Cathal Crovdearg, after the death of his competitors, seems to have been in the favoured position of an elected King of Connacht who was also approved and supported by the English Government. On several occasions he addressed himself directly to the throne instead of to the deputy.

In a mandate from Henry III appointing Archbishop Henri de Londres Justiciar in 1221, in the place of Geoffrey de Marisco, who was accused of using the revenues of the country for his own advantage, “Kathel of Connacht” is addressed first of the Irish kings; following him come “King of Kenelon [Aedh O’Neill, King of the Cinel Owen], Dunekan and Muriadac O’Bren [O’Brien], Dermot Macarthi [MacCarthy], Loueth MacDonahod [MacDonoghue], and the Norman barons.”[10]

Protections for Cathal “and for his chattels, lands, and possessions,” were issued in 1219 and 1224, and a letter written by the Justiciar to the King speaks of Cathal and his son as “the King’s faithful subjects, who have loyally assisted the Archbishop and obeyed the King’s mandates.”[11]

There is no doubt, from the frequent friendly correspondence between Cathal and his immediate successors and the English kings, that they endeavoured faithfully to carry out the terms of compact made between Henry II and Cathal’s brother Rory. Cathal made a personal submission to John at Ardbracken in Meath on that king’s second visit to Ireland in 1210, and accompanied him on his tour as far as Carrickfergus, though he refused, on the advice of his wife, to entrust his son Aedh into the King’s hands.

The exact position of the King of England toward Cathal is not very clear. In 1204 we find the then Justiciar, Meiler FitzHenry, reporting that Cathal had quit-claimed to the King two-thirds of his province, retaining the other third by right of inheritance at a yearly rent of a hundred marks; for the two-thirds he was to pay three hundred marks, the King of England, however, claiming as his own portion “the best towns and harbours; those fittest for the King’s interest and for fortifying castles.”

Cathal was to give hostages for his faithful service, and for the forwarding of the King’s interests to the best of his judgment; he was to strengthen castles, found towns, and assess rents in those parts. To these immense claims Cathal seems to have agreed, raising his tribute first to four hundred marks for the whole province, and in 1215, when the charter was actually received by him, to five thousand marks, to be paid in two portions annually. This great advance in the payments given must have been the result of the consultations between the two kings during John’s second visit to Ireland.[12]

Cathal never seems to have grudged tribute; and when in 1224 his son Aedh appealed to the English, who were holding a court at Athlone, for aid against Turlogh O’Conor, his cousin, who had been elected by the popular vote and installed as King at Carnfree instead of himself, they willingly assisted him; for “every one of them was a friend of his, for his father’s sake and his own; for he and his father before him were very liberal of stipends.”[13] These large claims made and admitted over Connacht, whether enforced or not, practically transformed the kings of that province into feudal barons. They now held their lands as grants of the English monarchs and not by the old prescription and right. The King’s gift, in 1214, of “scarlet robes, to be given to the kings of Ireland and other faithful subjects of the King” emphasized this new position; the recipients were regarded as the King’s lieges.

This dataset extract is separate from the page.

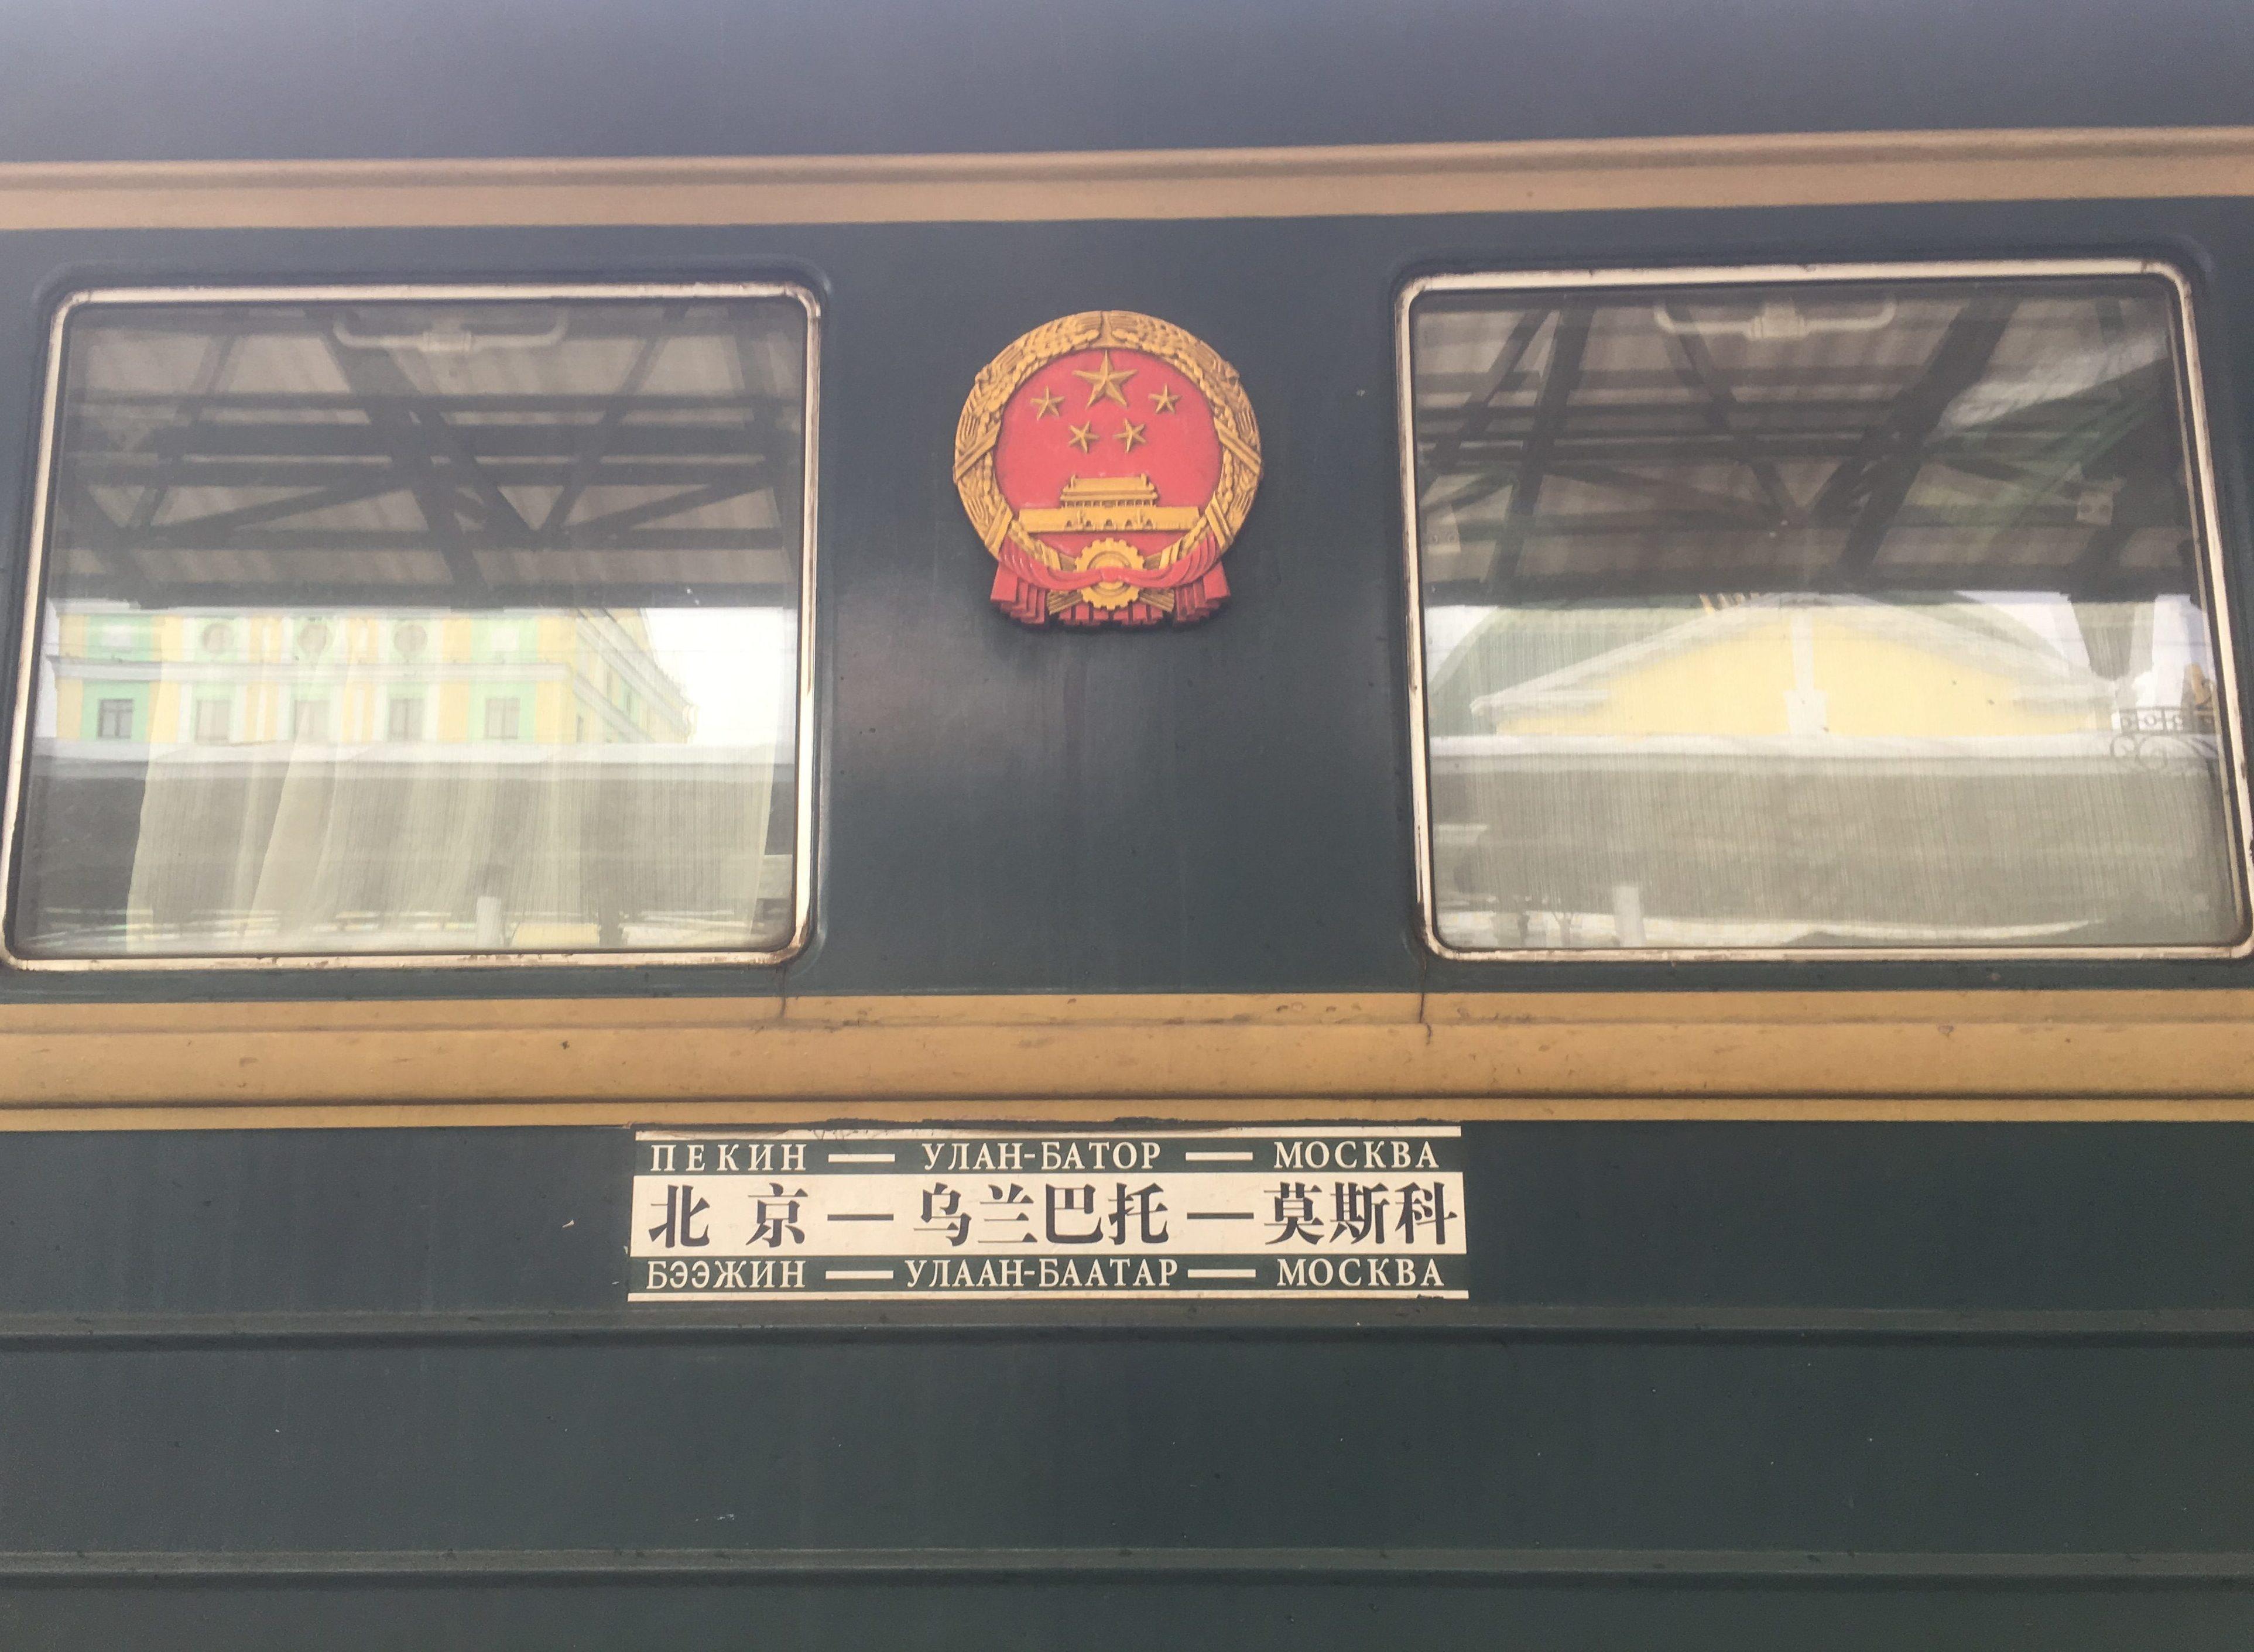 Chinese carriage badge - stopped at Krasnoyarsk

This bestowal of robes of office had special reference to Cathal, for it followed immediately on the protection accorded to him and his men in that year, which led up to the final confirmation of his grant. This change of position must be clearly realized, for all that followed depends upon it. By the English sovereign the Irish princes, up till now independent rulers, came to be regarded as feudatories, ruling still as kings within their own domains, but holding their lands at the will of the English monarch, paying tribute to him, and being removable at his pleasure if they proved recalcitrant or failed to pay their dues. This claim was one that could easily be used for purposes of aggression when the occasion arose.

In the case of the O’Conors the memory that they had once been independent kings seems to have quickly faded from the minds of the English monarchs, for we find Edward I, in an order to Richard de Burgh, Earl of Ulster, in 1305, speaking of King Felim of Connacht, son of Cathal Crovdearg, as “a certain Irishman named Felim O’Conor, who called himself King of Connacht.”

In the meantime things might have gone on quietly, Cathal and his successors paying tribute and receiving protection and support in return, but for the old vague grants made to the de Burghs before John became king. William de Burgh had never been able to enforce what he conceived to be his rights in spite of the support he had given to the two Cathals in turn, but the claim was to be revived by his son, Richard de Burgh, Earl of Ulster, in the reign of Cathal’s son Hugh (Aedh).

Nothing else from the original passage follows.